With these simple predictions, the Obama campaign could then plot every voter in a swing state into a grid. Ghani descrbed the four quadrants of the grid and the corresponding action the campaign would take in each grid:
- People who are not likely to vote and not supporting Obama: “Too expensive to focus on.”
- People who are unlikely to vote but have a high likelihood to vote for Obama: “Focus on getting those people to vote.”
- People who are not supportive of Obama but have a high likelihood of voting: “Focus on small sliver of percentage that are persuadable.” Ghani shared that it is hard to identify these people because undecided voters typically translate into not telling you how they will vote. Therefore, Ghani shared how the campaign ran experiments to find a subset of persuadable people in order to develop models to rank persuadability. The campaign would have volunteers “talk to people about Obama’s policies and then poll again and figure out what kind of people increase their support as result of this persuasion to then apply to everyone else in the country and how likely they are to be persuaded.” The campaign would then create a ranking of the most persuadable to least persuadable and have volunteers go top to bottom on the list.
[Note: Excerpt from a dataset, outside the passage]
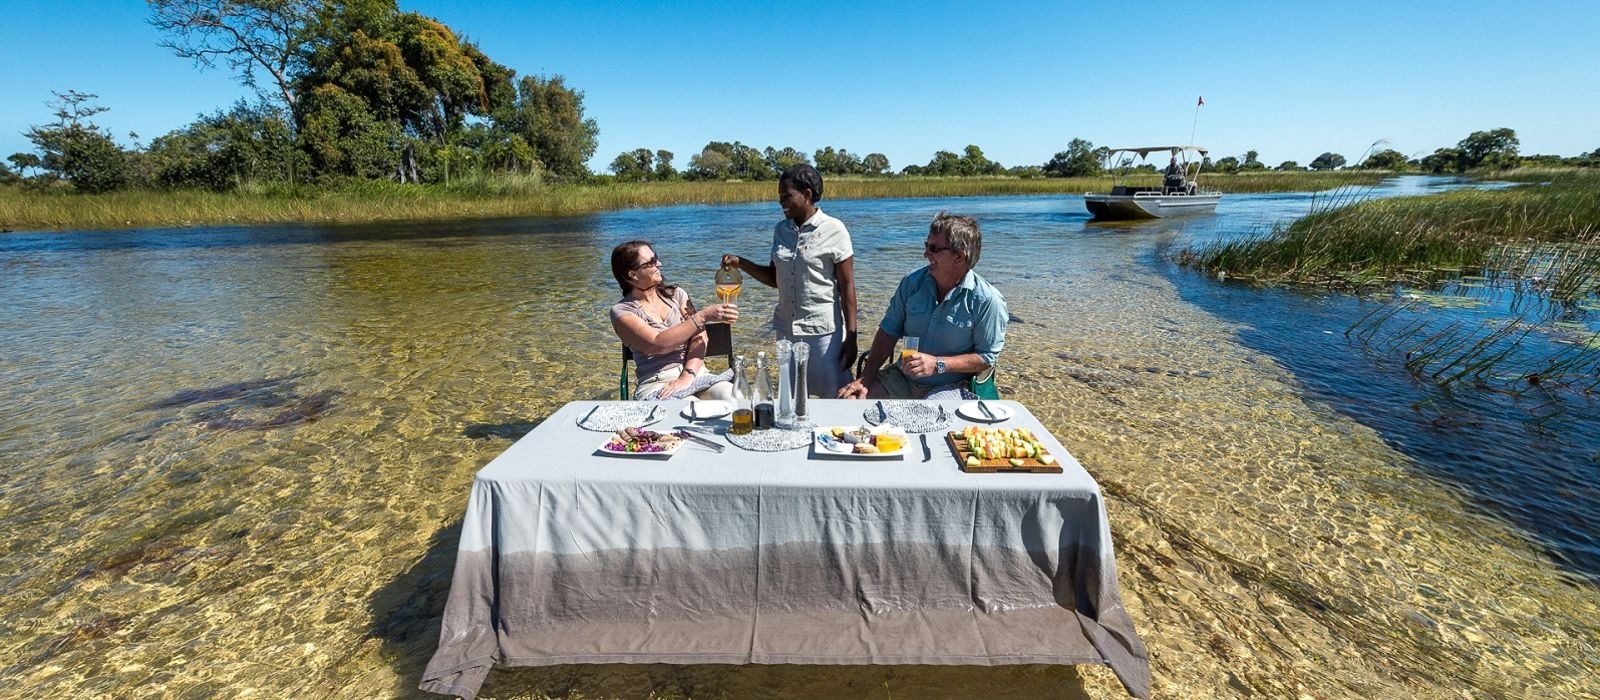 South Africa, Zimbabwe and Botswana: Wildlife and Waterfalls Tour Trip 1

- People who are likely to vote and vote for Obama: “Use this segment to really expand reach.” Referring to the earlier personalized emails, Ghani described that the focus for this group was to give them as many tools as possible to call the right people in the right bucket.
I don’t want to know what you know about me. I want to know what you predict about me. You can infer a lot more or less about data, what is important is what they predict about.
The contrast between Ghani and the first two privacy panels highlighted the need for many more workshops between policy makers and technologists. Ghani by his own opening admission did not seem to hear the privacy panelists and I wonder if the privacy attendees had the technical aptitude to understand Ghani. Many more workshops like the one hosted by the Future of Privacy Forum and the Stanford Center for Internet and Society last week are in order. At a time when the potential for data science applications are not only revolutionary but in many cases required, when the technology is changing rapidly and its use already being rapidly experimented with and applied across all facets of life, we need grounded discussion about the way forward and the corresponding policies to guide us.
And now I come back to the Washington Monument surrounded by a protective grid (pictured above). The grid is there to allow repairs to the iconic monument after a 5.8 magnitude earthquake damaged the structure on August 23, 2011. I find the picture of this structure a fitting backdrop for the earthquake going on in Washington right now around the sharing and use of data. This most recent data earthquake originated with the tragic events of September 11th, 2001. Laws were passed to protect and defend the United States from the asymmetric threat of terrorism. This same body of law is now likely to be needed for new threats in cyberspace. Perhaps we should leave the grid around the monument to protect and defend it from the next earthquake much like we keep the laws to protect and defend us from these new threats. Perhaps we should keep the grid around the monument more importantly to remind us that these laws are still in effect.